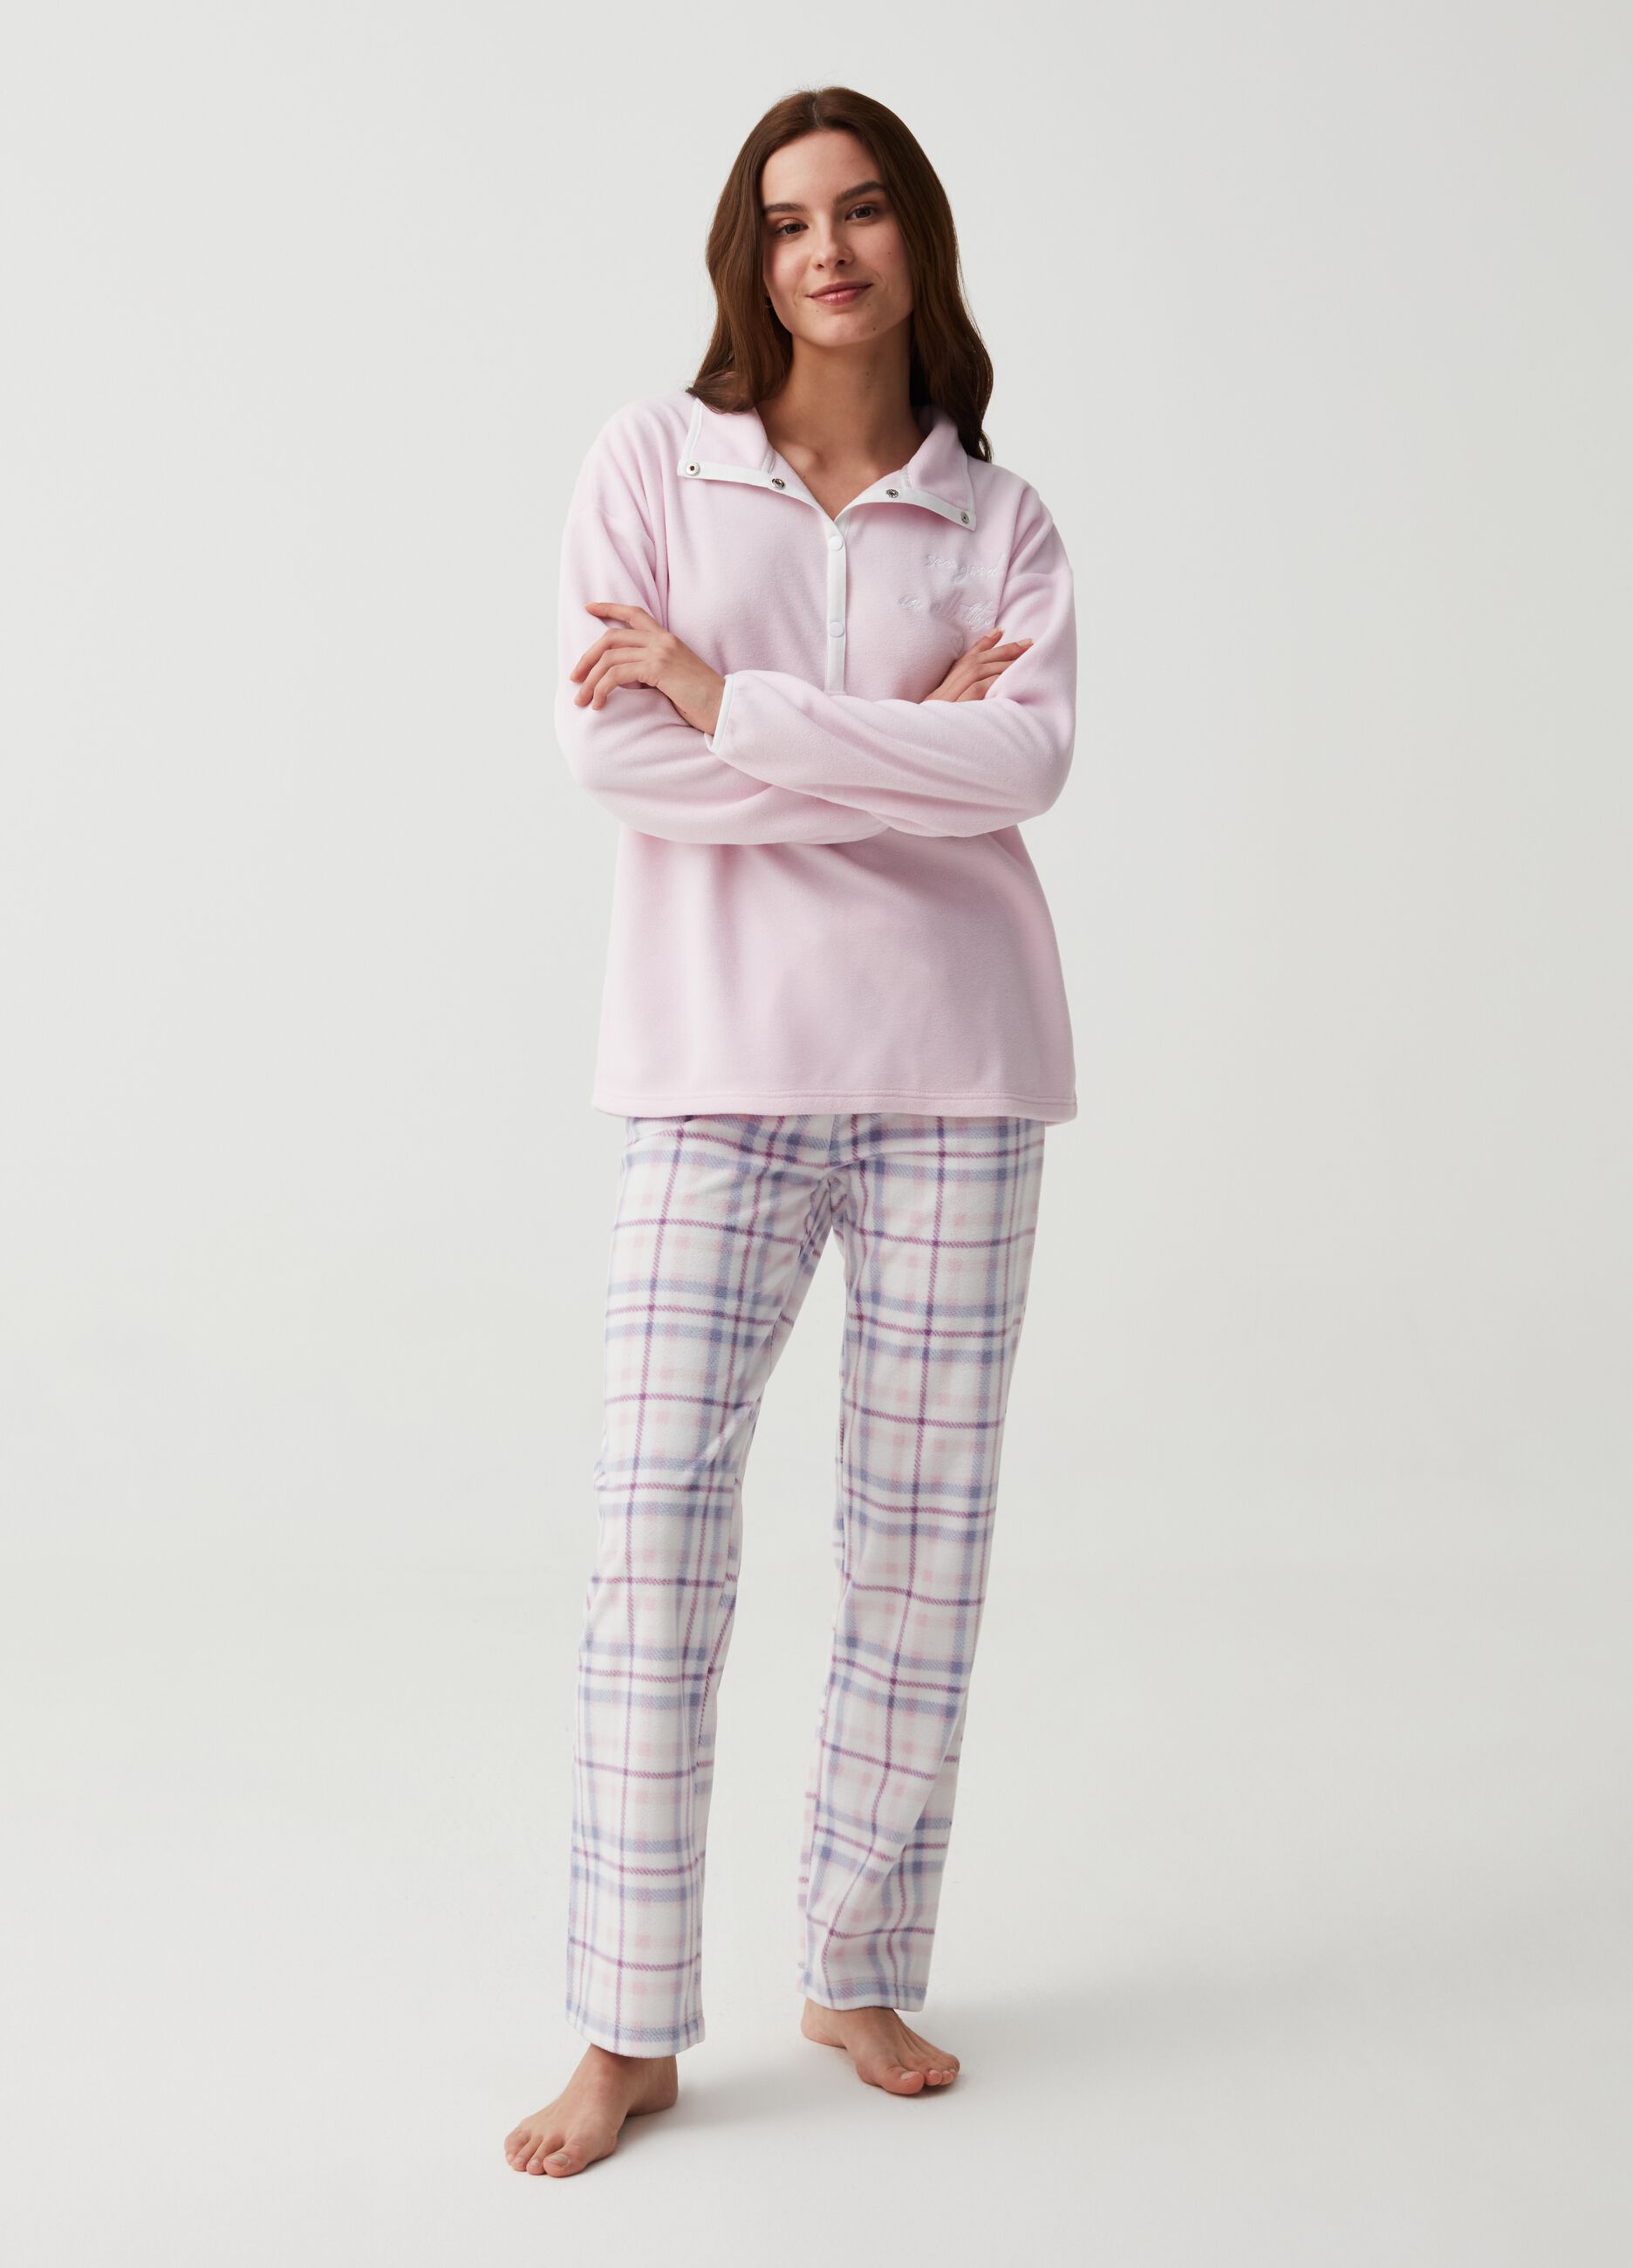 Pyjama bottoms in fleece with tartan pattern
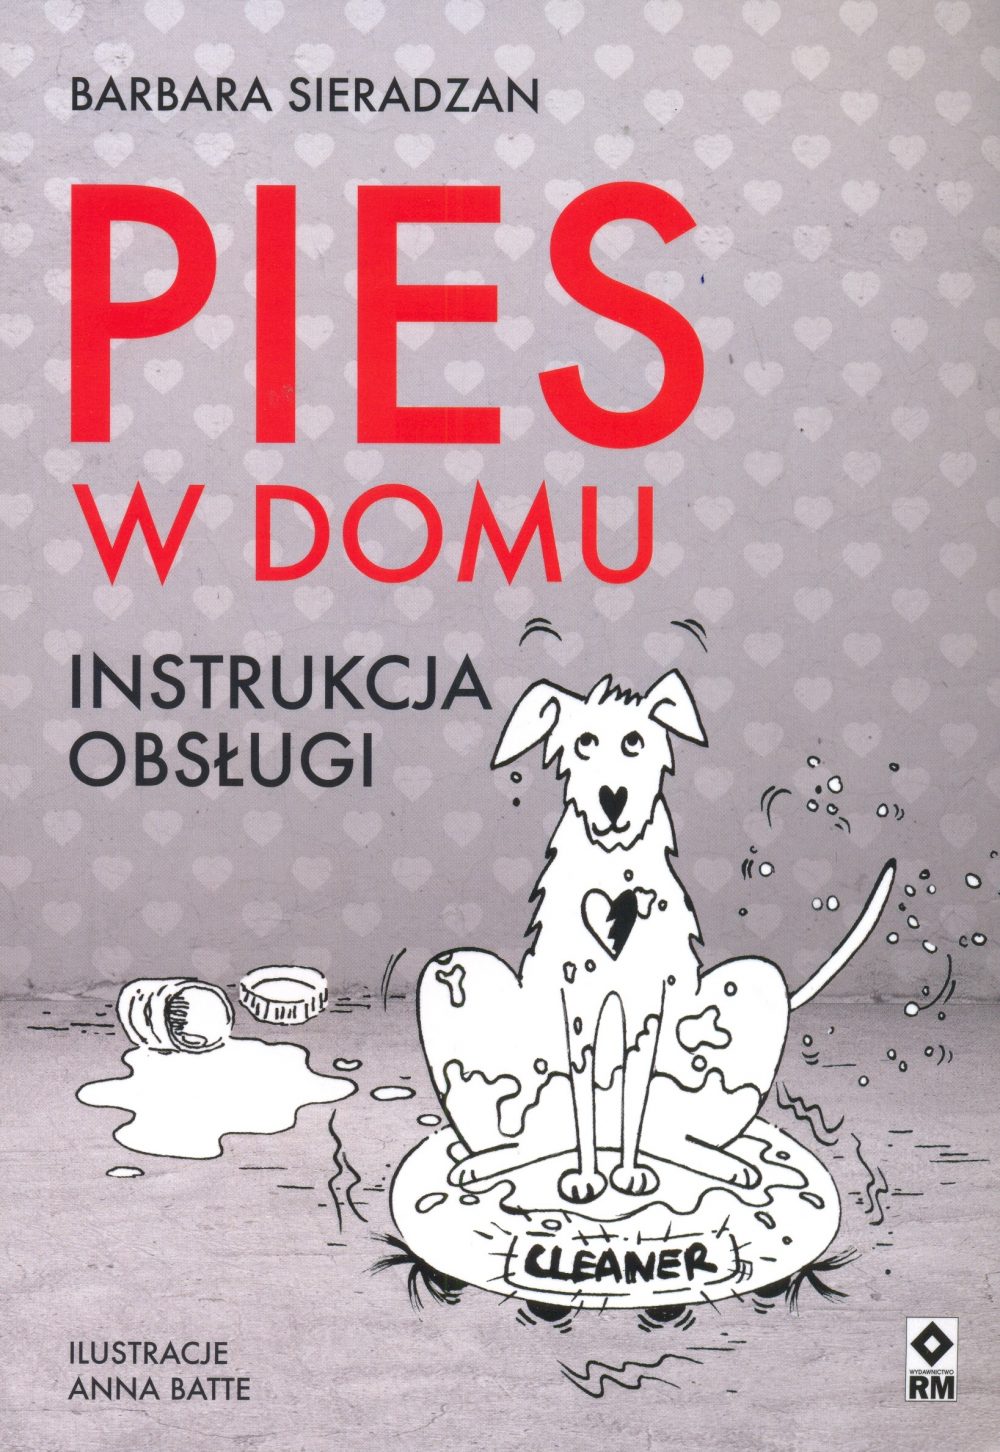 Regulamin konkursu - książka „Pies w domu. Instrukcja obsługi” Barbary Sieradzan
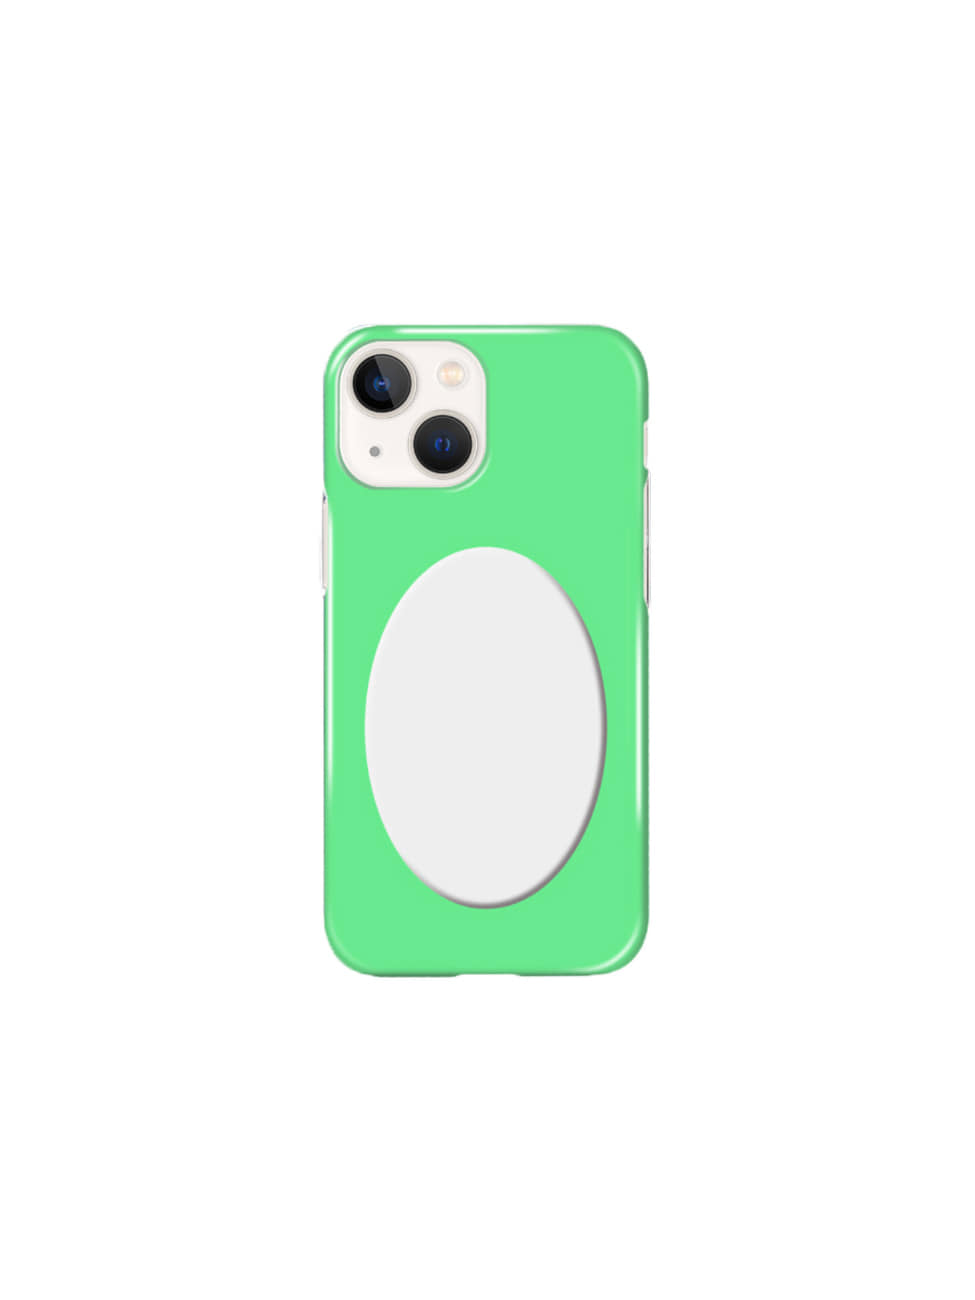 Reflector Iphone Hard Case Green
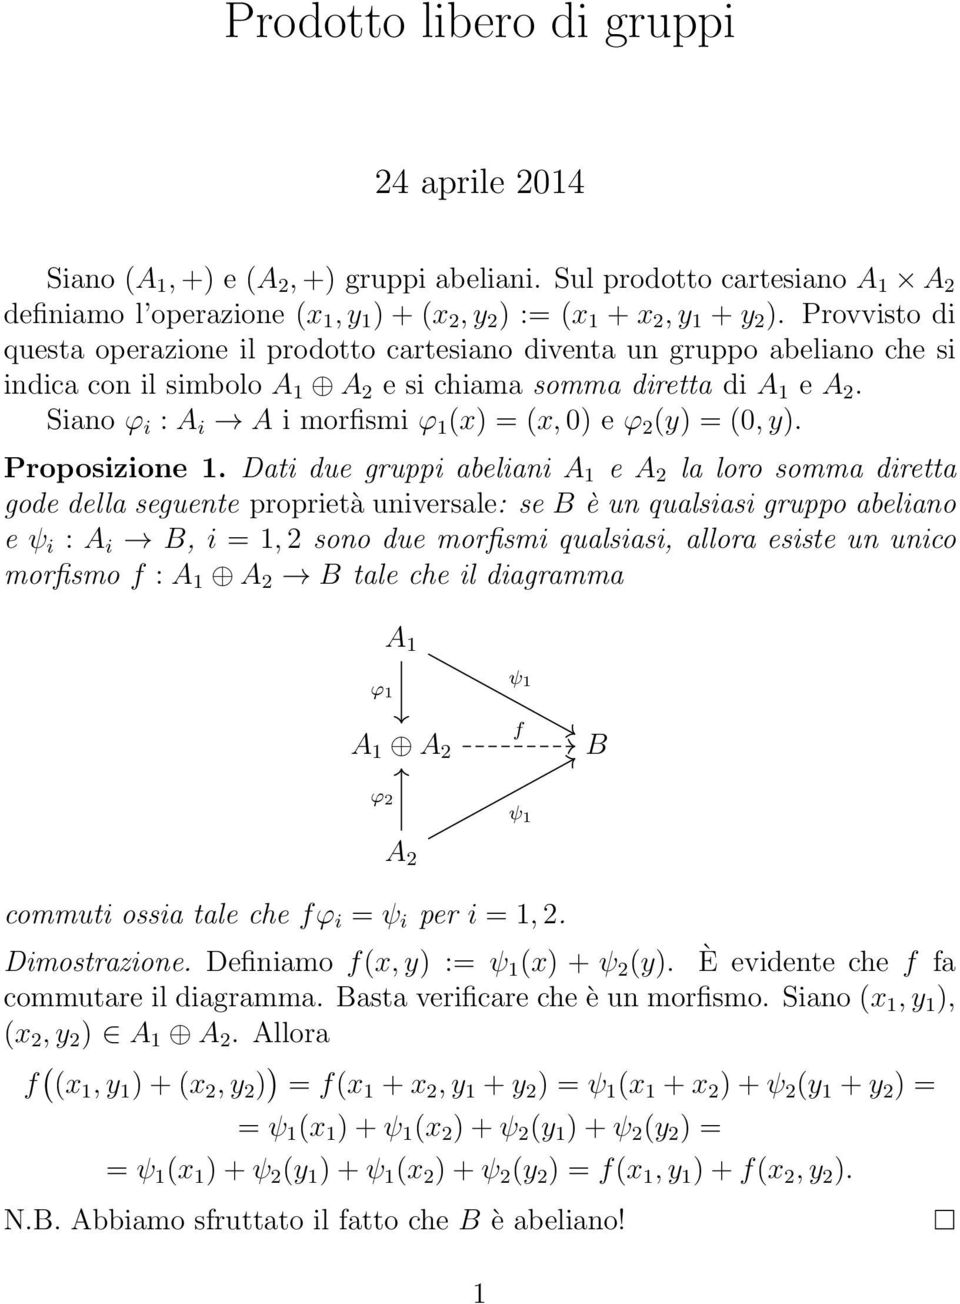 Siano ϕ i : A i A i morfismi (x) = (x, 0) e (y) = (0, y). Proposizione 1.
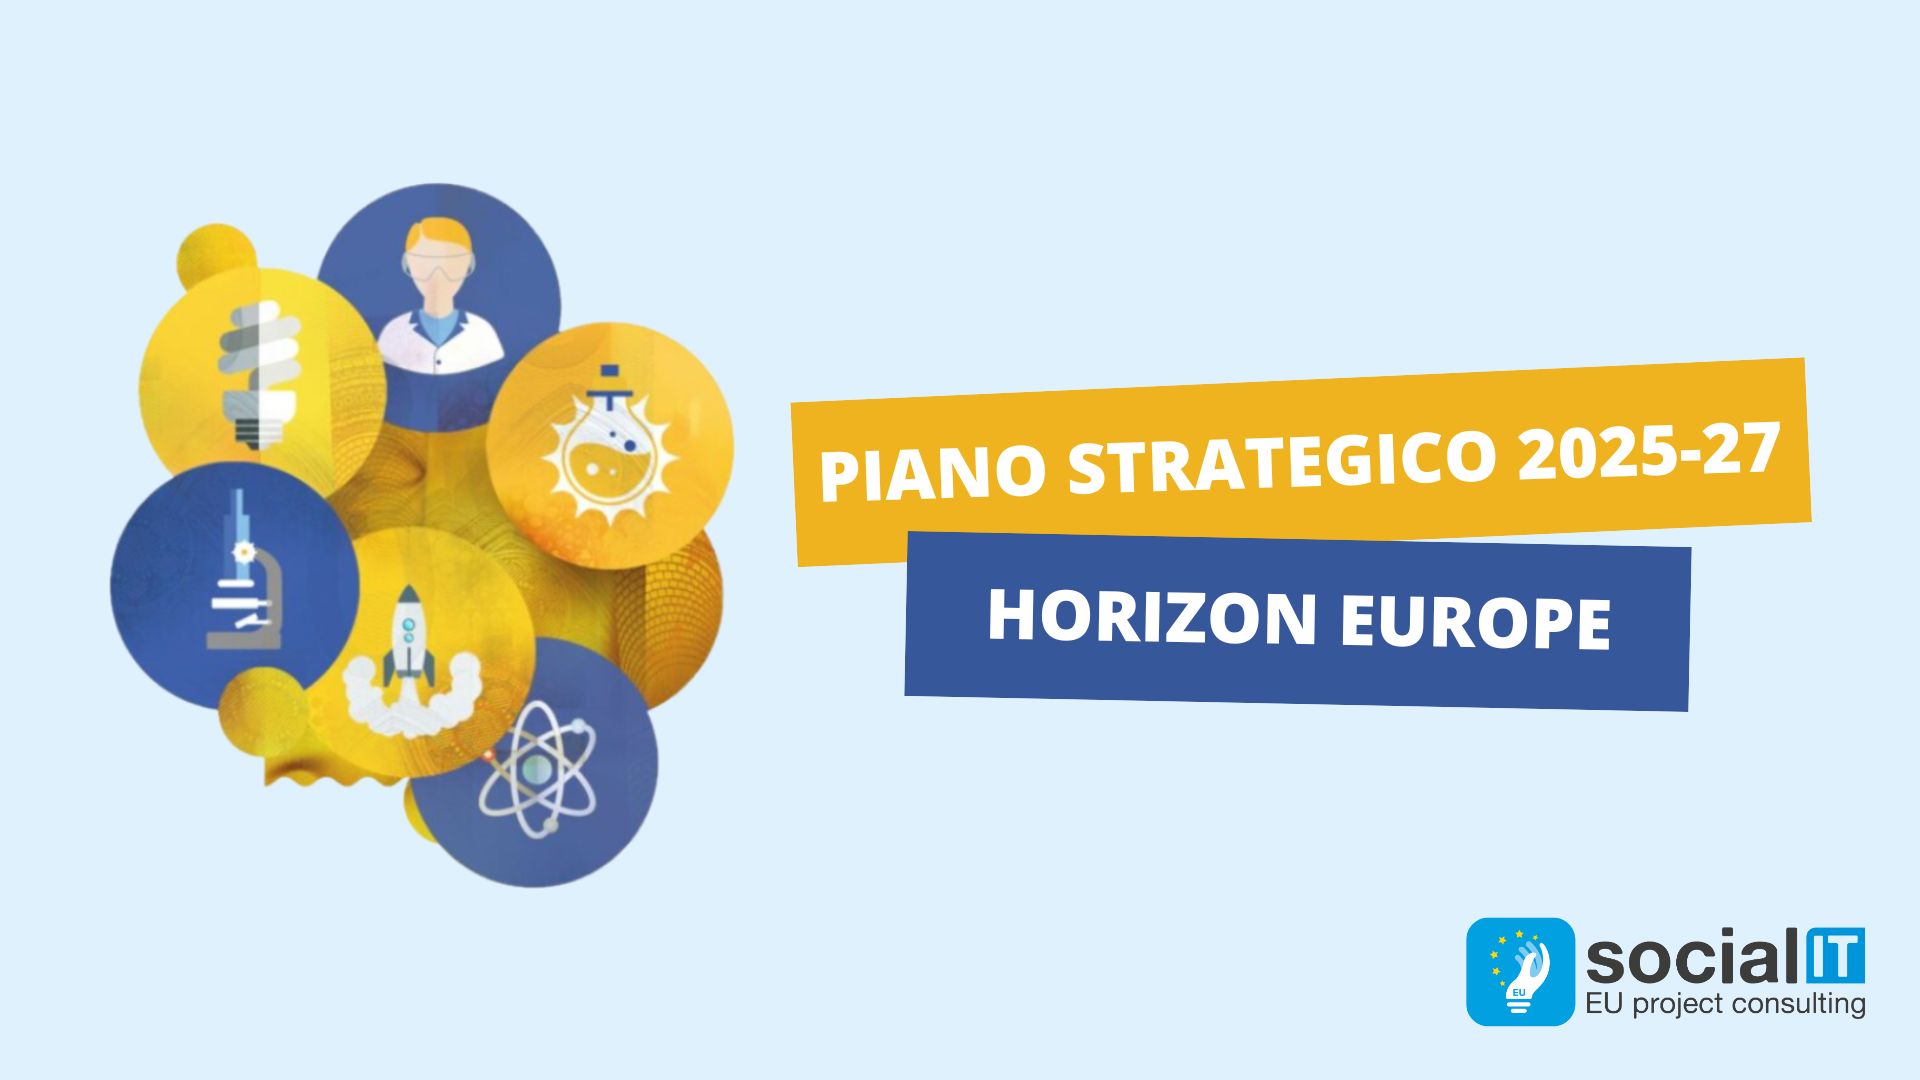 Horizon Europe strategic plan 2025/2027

» **Work instruction**
Except for the pictures, return every line of the material exactly.

» **Output**
 Pyjama bottoms in fleece with tartan pattern
 Regulamin konkursu - książka „Pies w domu. Instrukcja obsługi” Barbary Sieradzan
 Reflector Iphone Hard Case Green
 Siano ϕ i : A i A i morfismi (x) = (x, 0) e (y) = (0, y). Proposizione 1.
 Horizon Europe strategic plan 2025/2027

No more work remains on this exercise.